Starred review from July 1, 2001
Gr. 8-10. Terse and terrifying, this final book from Cormier will leave a lasting impression. Jason, almost 13, is a shy, ineffectual child, who takes being bullied as a matter of course--but if he sees someone else being pushed around, he may strike back. When the seven-year-old girl who lives next door is murdered, Jason is horrified. He was the last one to see her alive. He wants to do everything he can to help find the killer, so when the police come calling, he tells them all he knows. What he doesn't know is that Trent, a detective adept at extracting confessions, has been called into the case--and Trent has Jason in his sights as the murderer. Cormier presents a cat-and-mouse game so tense that readers will feel they must escape the pages just as Jason wants to extricate himself from the stuffy, cell-like room where his interrogation is taking place. But this is not just Jason's story. Cormier delves into the psyche of Trent without much of a nod to the fact that this is a book for young people.
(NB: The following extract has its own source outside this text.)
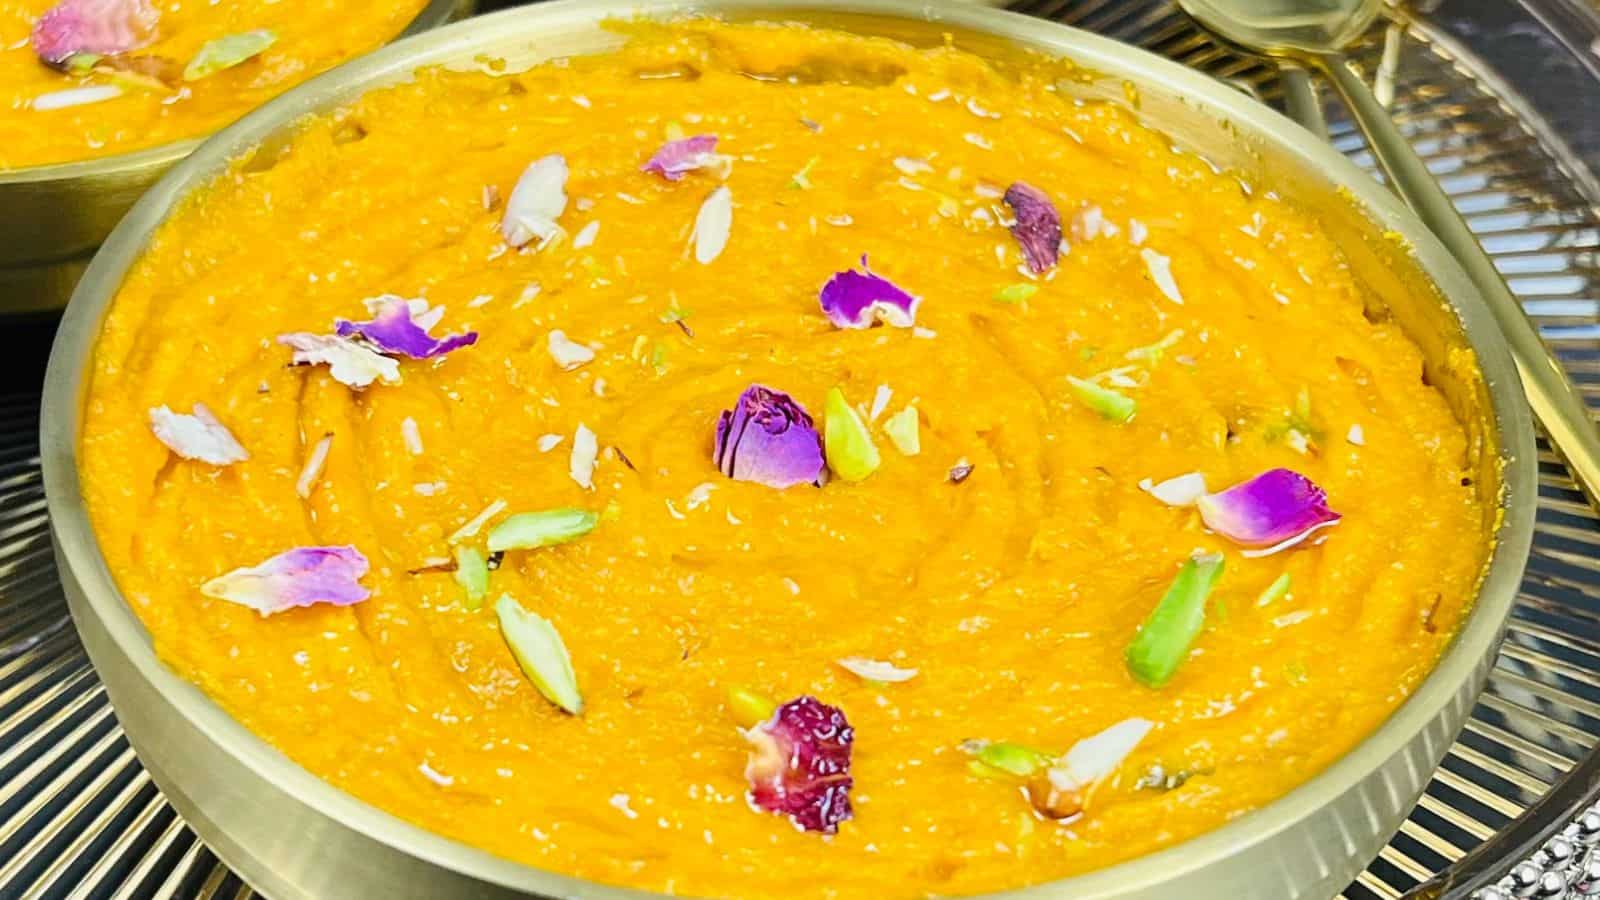 A bowl of orange-colored dessert garnished with flower petals and nuts, placed on a metallic surface.

Readers will get a glimpse into the adult world, and find it sad and ugly. The book's horrifying, surprising conclusion will engender discussion, and there may be disagreement about how well it works. Yet, it's hard to imagine any reader not coming away from this shaken. Cormier, who died last year, leaves at the top of his game.(Reprinted with permission of Booklist, copyright 2001, American Library Association.)
September 1, 2001
Gr 7 Up-Cormier revisits familiar psychological and temporal territories in this memorable novella that was finished, but unpolished, at the time of his death. It's the beginning of summer vacation after seventh grade for Jason when his neighbor and friend, seven-year-old Alicia Bartlett, is murdered. Even though there is no physical evidence linking him to the crime, Jason is a suspect because he is thought to be the last person to have seen her alive. An ambitious, outside police interrogator who has a reputation for being able to extract a confession in difficult cases is brought in. Although Trent comes to believe that Jason is innocent, he succumbs to pressures of a high-profile investigation and successfully coerces a confession. Unfortunately for Trent, Alicia's older brother Brad confesses, is arrested, and charged. The interrogator is left with a tattered reputation and in the shocking denouement, Jason realizes that he has become a person capable of contemplating and thus, he asserts, carrying out a murder. The suggestion seems to be that childlike innocence, when betrayed by powerful, manipulative adults, can be easily subverted. Readers are shown a psychotic killer in the process of becoming. However, Jason, Trent, and the book as a whole present more questions than answers. Readers will be compelled to keep turning the pages, but will never know why Brad killed Alicia or if Jason is really capable of such a crime. These are things only individuals can know as they explore the dark interior of their own rag-and-bone shops.-Joel Shoemaker, Southeast Junior High School, Iowa City, IA
Copyright 2001 School Library Journal, LLC Used with permission.
January 1, 2002
In his final novel, Cormier makes readers privy to the secrets of a self-loathing police detective, Trent, and his suspect, twelve-year-old Jason. Readers know all along that Jason is innocent of murder; what suspense the book holds is provided by Trent's interrogation, designed not to reveal the truth but to make the boy confess. Events are told rather than shown; motivations are declared rather than developed.